Проблема демаркации научного знания в равной степени стала насущной как для европейских, так и для русских ученых – в попытке ее разрешения приняли участие Б. Рассел, Л. Витгенштейн, К. Поппер, Н. Вавилов, А. Никифоров и др. Предлагая различные, порой взаимоисключающие, способы ее решения – от признания научной только той теории, которая может быть подтверждена эмпирическим путем (принцип верификации), либо этим же путем опровергнута (принцип фальсифицируемости), до исключения из научного знания цели поиска истины и ее замену на «решение концептуальных и инструментальных головоломок», – ученые, таким образом, в установлении границ научного знания апеллировали исключительно к разуму и эмпирическому опыту, освобождая, тем самым, науку от каких бы то ни было обязательств перед обществом и историей, что, по сути, возвращало науку к идеологии.
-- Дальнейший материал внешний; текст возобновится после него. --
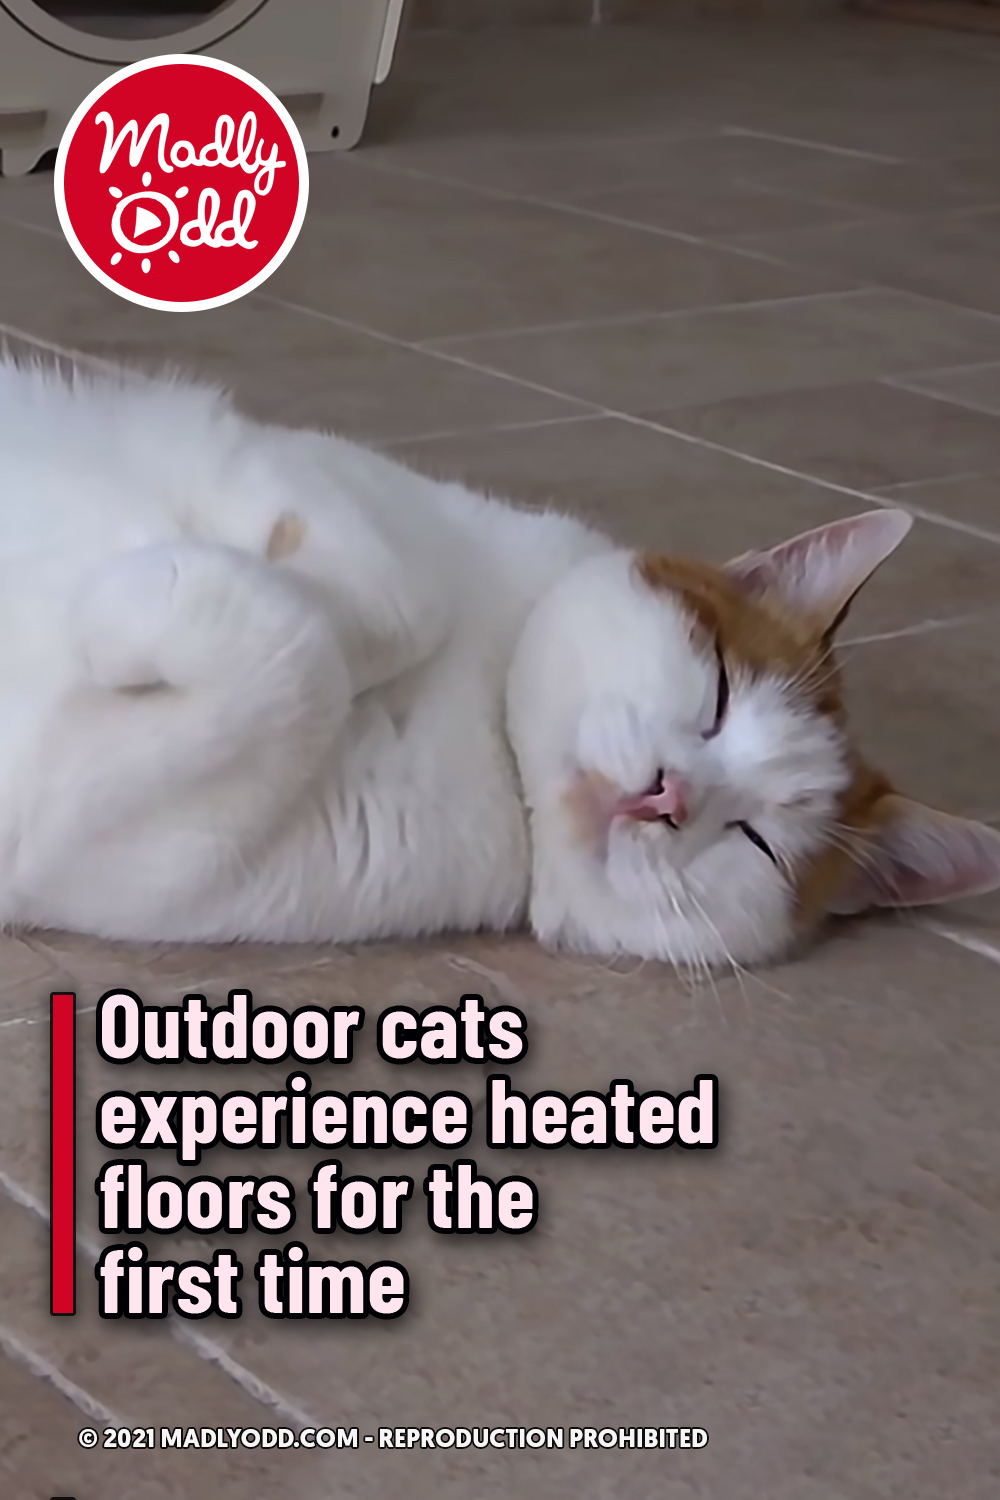 Outdoor cats experience heated floors for the first time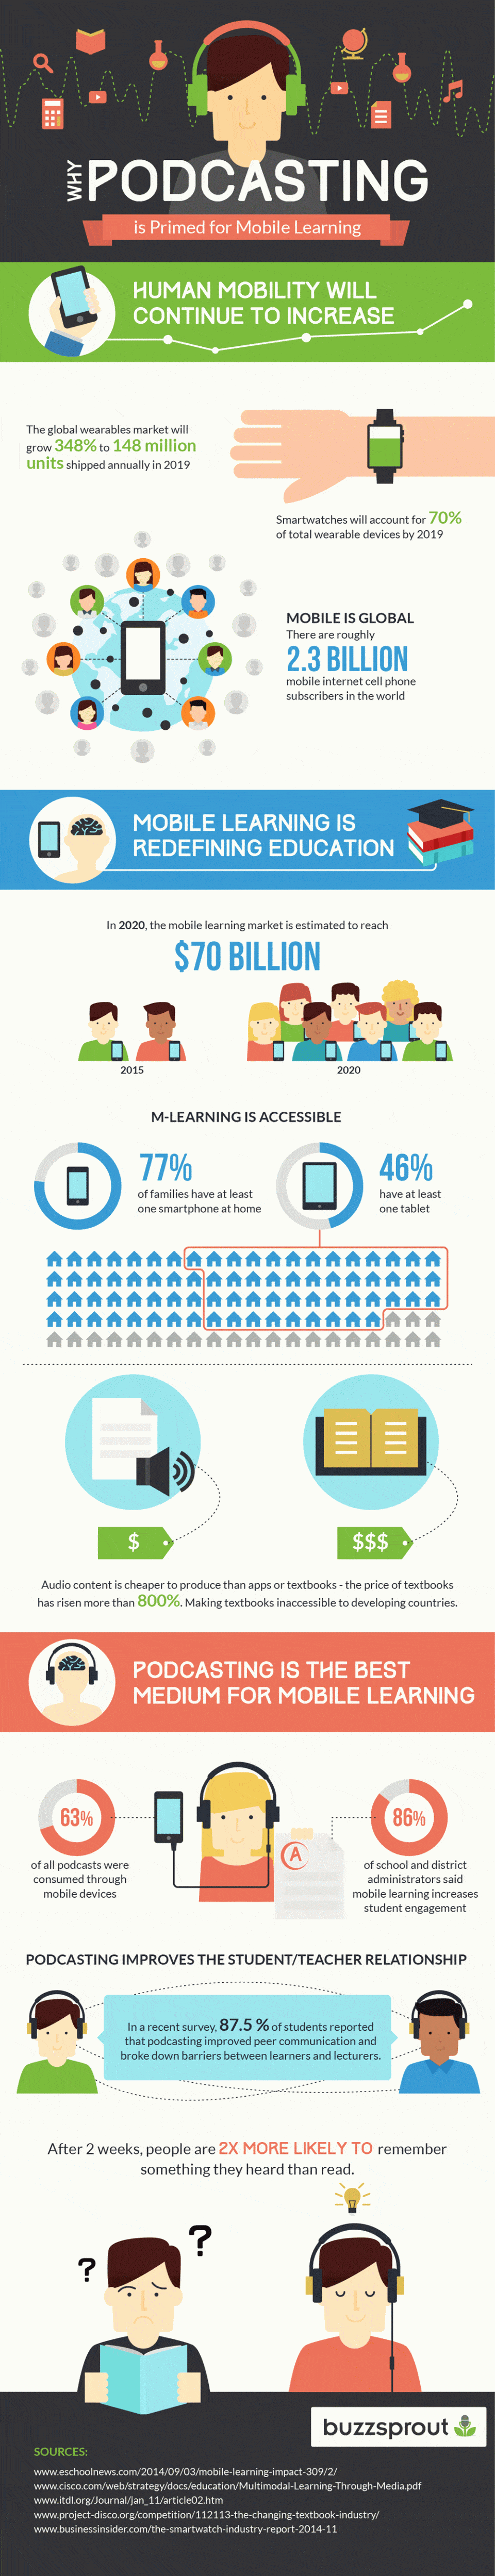 Why Podcasting Is Primed For Mobile Learning Infographic

Исторические события первой половины XX века явили провал попытки демаркации научного знания. По мнению В. Поруса, это было связано с тем, что наука перестала восприниматься как «важнейшая культурная ценность, которую нужно было защитить от посягательств идеологии. Неудачи с решением этой проблемы совпали по времени с общим ростом антисциентистских настроений, разочарованием в культуре, не защитившей человечество от ужасающего опыта мировых войн, тоталитарных режимов и апокалипсических ожиданий» [31, с. 258]. Мысль исследователя во многом верна, однако, на наш взгляд, неудача разграничения научного и ненаучного знания кроется глубже – думается, изначально неверна была постановка проблемы. Не метафизика способствовала идеологизации науки, а безграничная свобода научной мысли, движущая вперед цивилизацию. Проблема состояла в том, что в результате практической реализации воли к власти наука не могла избежать идеологизации, ибо не существовало возможности запретить власти (или государству) использовать ее достижения в своих целях. «Когда торжествующая мысль, – отмечал Т. Адорно, – покидает свою родную критическую стихию, становясь просто средством на службе некоего существующего порядка, против ее воли принуждается она к тому, чтобы превращать то позитивное, что она избрала для себя, в нечто негативное и разрушительное» [72, с. 9].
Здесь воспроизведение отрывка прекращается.